- Chinese manufacturing is rebounding.
- News out of the US is not entirely discouraging.
- As a result, oil prices are starting to drift up. And since production costs have fallen from their boom-induced levels, investment in the oil sands might start to come back.
- Credit markets are working their way back to normal.
- The last patch of snow in our yard has finally melted.
I'm particularly excited about that last one.
The TSX300 is up about 30% from its low http://ca.finance.yahoo.com/q/bc?s=^GSPTSE&t=3m
Posted by: Nick Rowe | May 05, 2009 at 08:50 PM
Yes, I have to do a financial data post soon. It's been awhile.
Posted by: Stephen Gordon | May 05, 2009 at 09:54 PM
My Quebec has a long winter. The snow here in Toronto has been gone for a month.
Posted by: Andrew F | May 05, 2009 at 09:55 PM
I don't know. It feels to me like we're waiting for the other shoe to drop in terms of unwinding the trillions of dollars of derivatives that exist. What I'm most curious about is when inflation will start to kick in in the US.
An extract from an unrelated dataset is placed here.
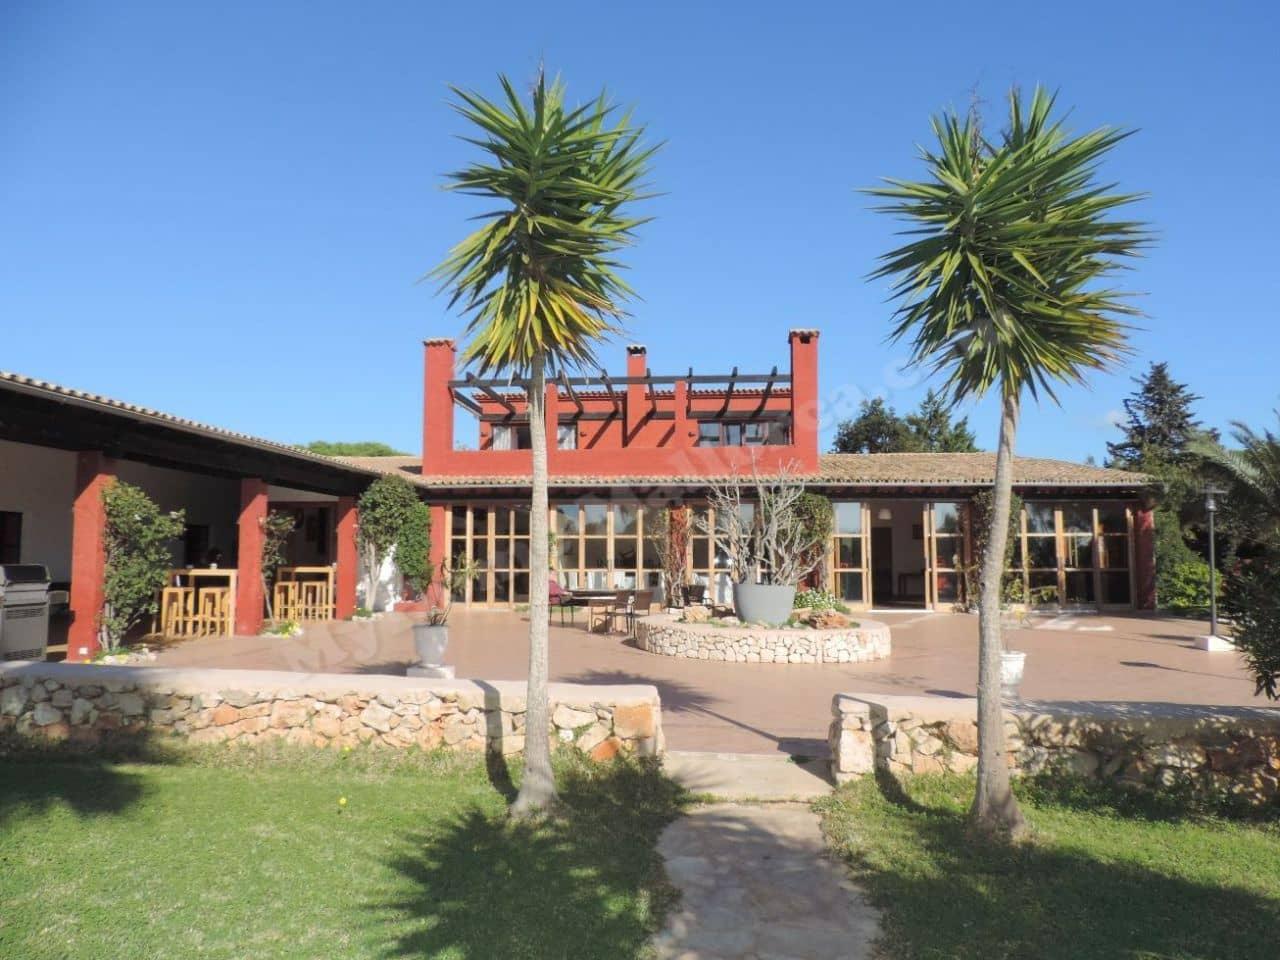 Restaurant/Bar à vendre à Portocolom avec piscine - 1 450 000 € (Ref: 3206849)

Posted by: Andrew F | May 06, 2009 at 12:05 AM
Regarding 4, it may be a bit early to be optimistic:
http://zerohedge.blogspot.com/2009/05/of-fingers-and-dikes.html
I can’t claim to have read much about Japan’s problems but, in what I have read (there's a good BIS paper out there somewhere about it), I have been struck by the fact that central bank policies to provide liquidity, “free-up” or "unfreeze" the credit markets, etc., etc., by overpaying for assets and underpricing risk have had (what appears to me to be the eminently foreseeable) consequence of significantly undermining private sector participation in Japan’s capital markets. The danger appears to be that the lender of last resort becomes the lender of "only resort".
Posted by: David Stinson | May 06, 2009 at 11:23 AM
#3 would apply to employment intensive wind turbines too. Dion would've beat GWB in locating this employment intensive manufacturing supply chain in Canada. It will be too late for Iggy to catch Obama. All still crushed by Europe with their three decade head-start, but Harper could still get the 1st mover advantage on China(who still make crappy turbines for now)/India.
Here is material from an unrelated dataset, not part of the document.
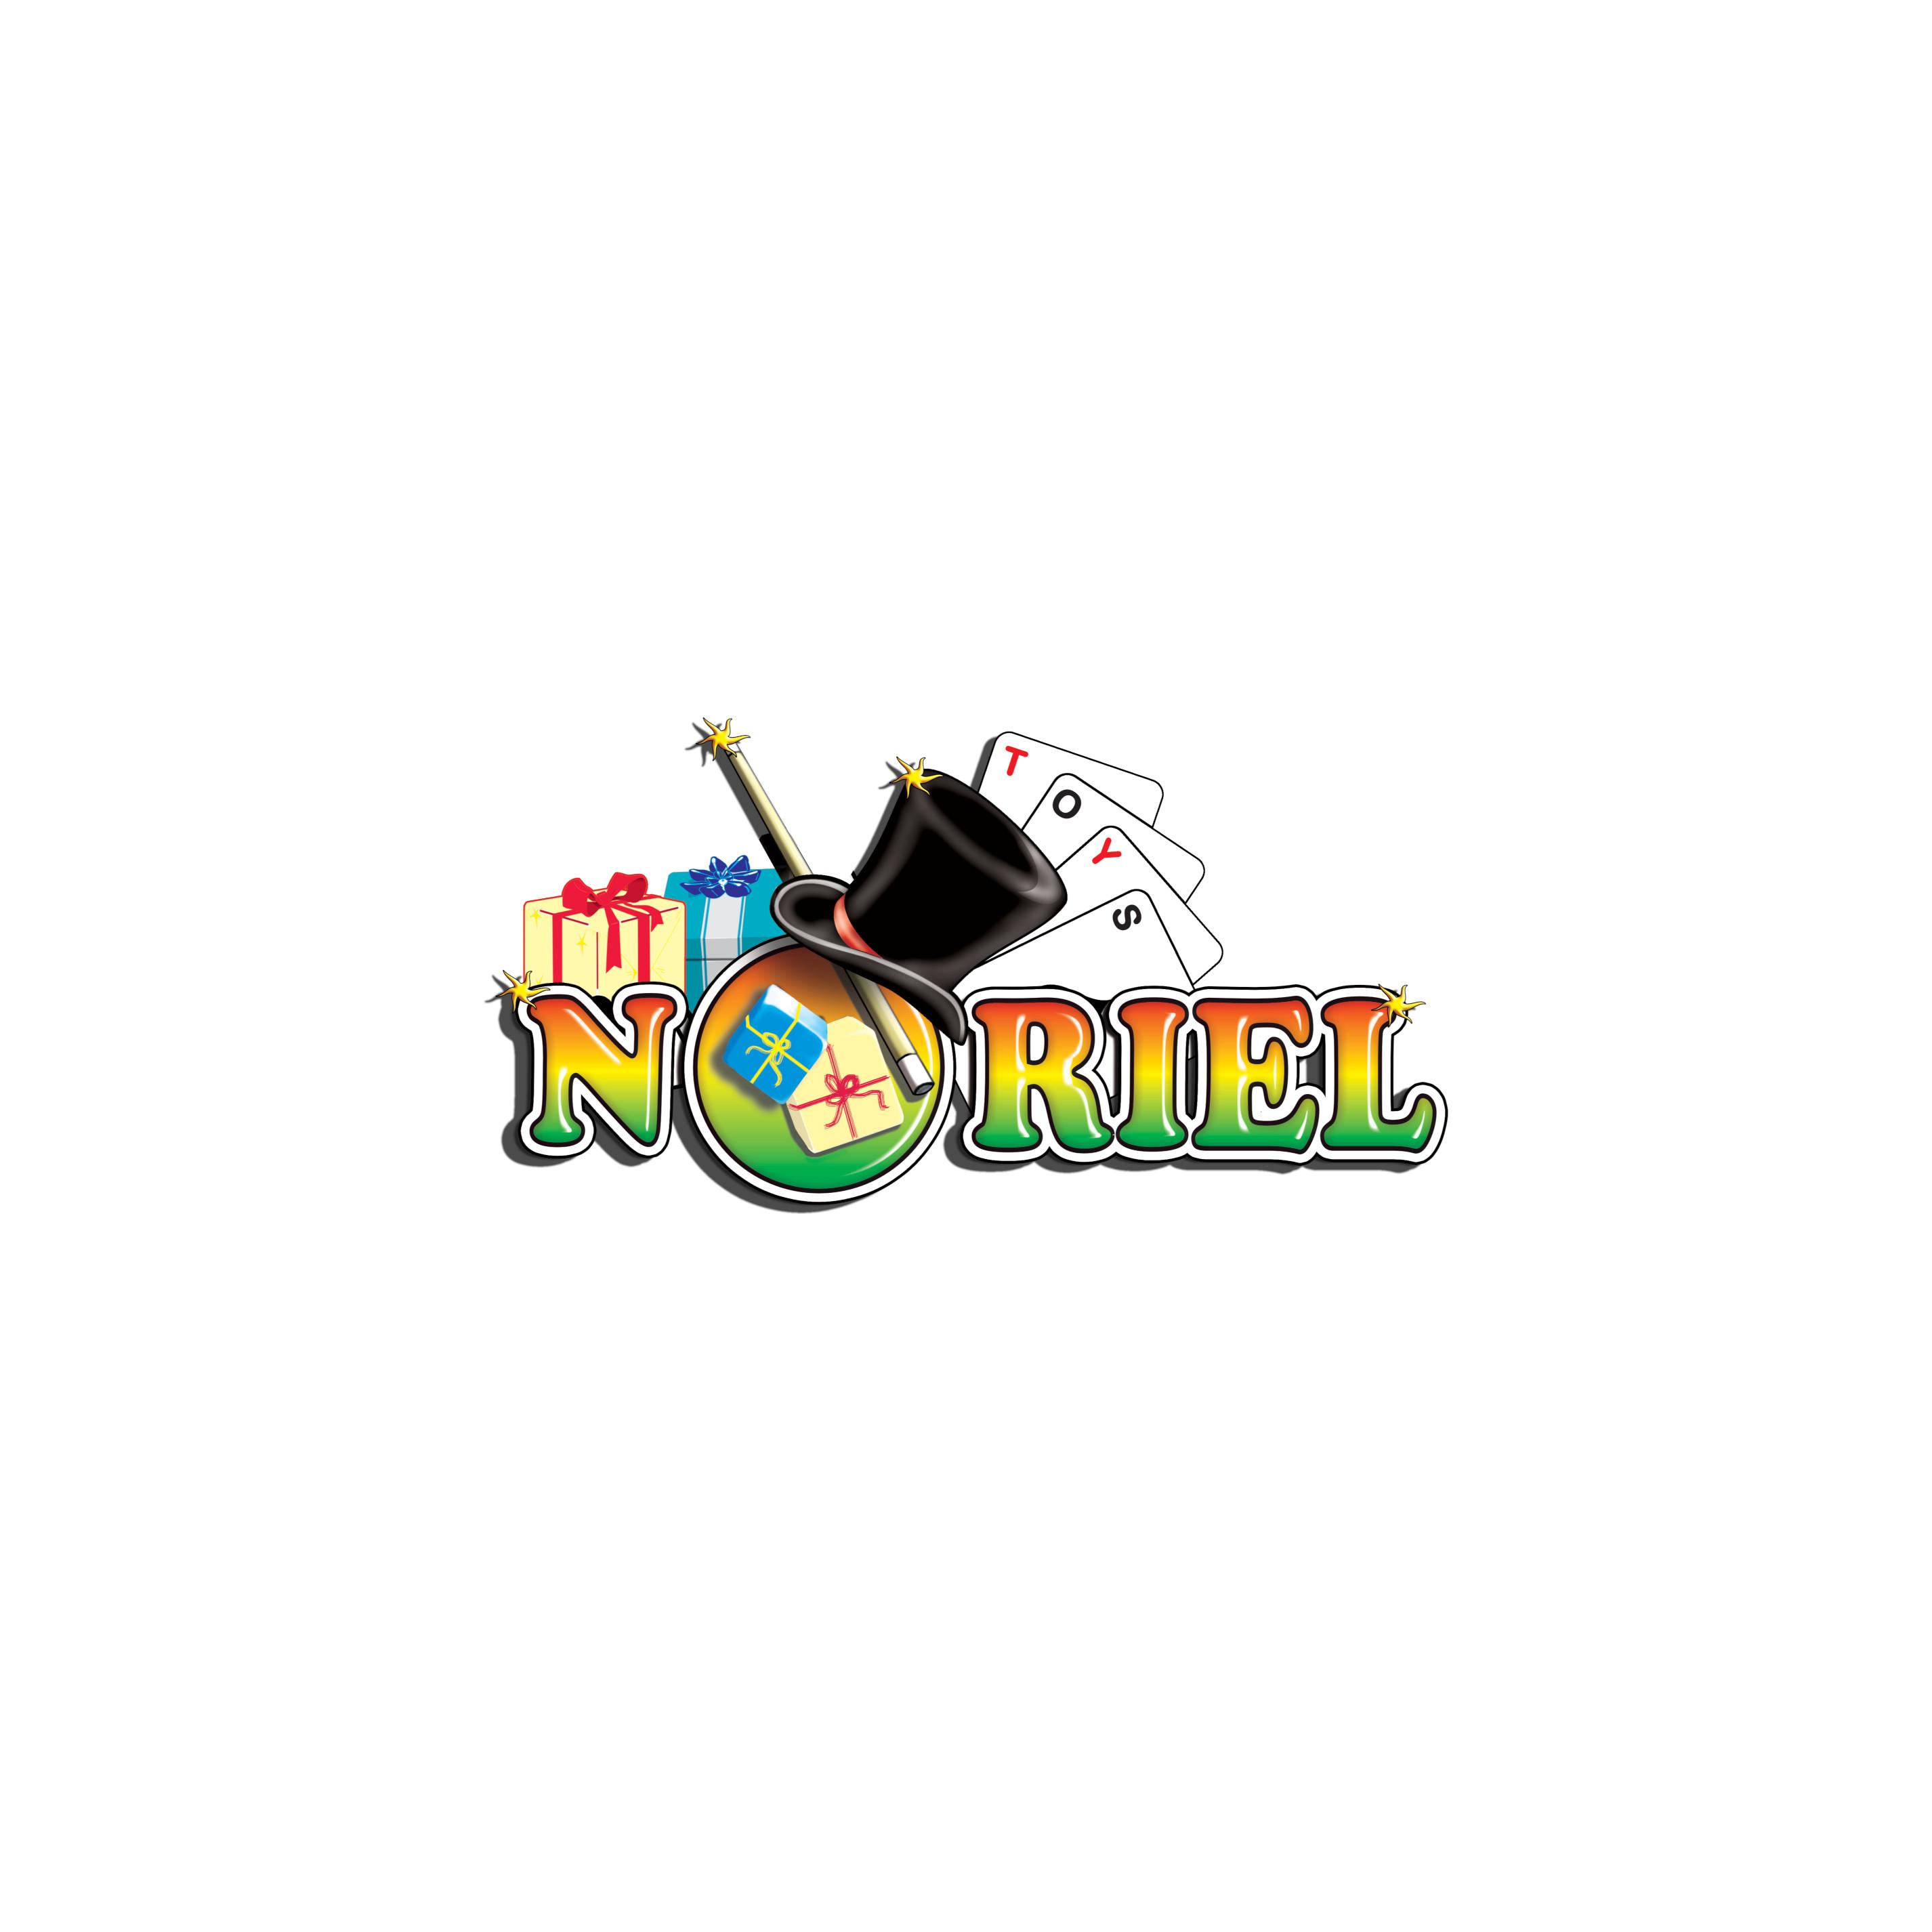 Casuta de joaca pentru copii Dohany  L5075_12

I see an AGW-ed world in the future that exacerbates food shortages. I see Asia falling into African-famine-induced growth rates as Himalayas melt away. I see one of three ways to make fertilizer is from dwindling Natural Gas world reserves. I see one Canadian industry both causing a future famine, and preventing future Canadian governments and industry from addressing the famine (won't be any N.Gas left). Strange definition of "investment". They pyrolize babies tears to extract oil from tar, y'know.
Posted by: Phillip Huggan | May 06, 2009 at 12:33 PM
Credit markets are working their way back to normal. Really ? How can you tell ? Are they not currently being held together with baler twine courtesy of trillions of dollars of Fed support ?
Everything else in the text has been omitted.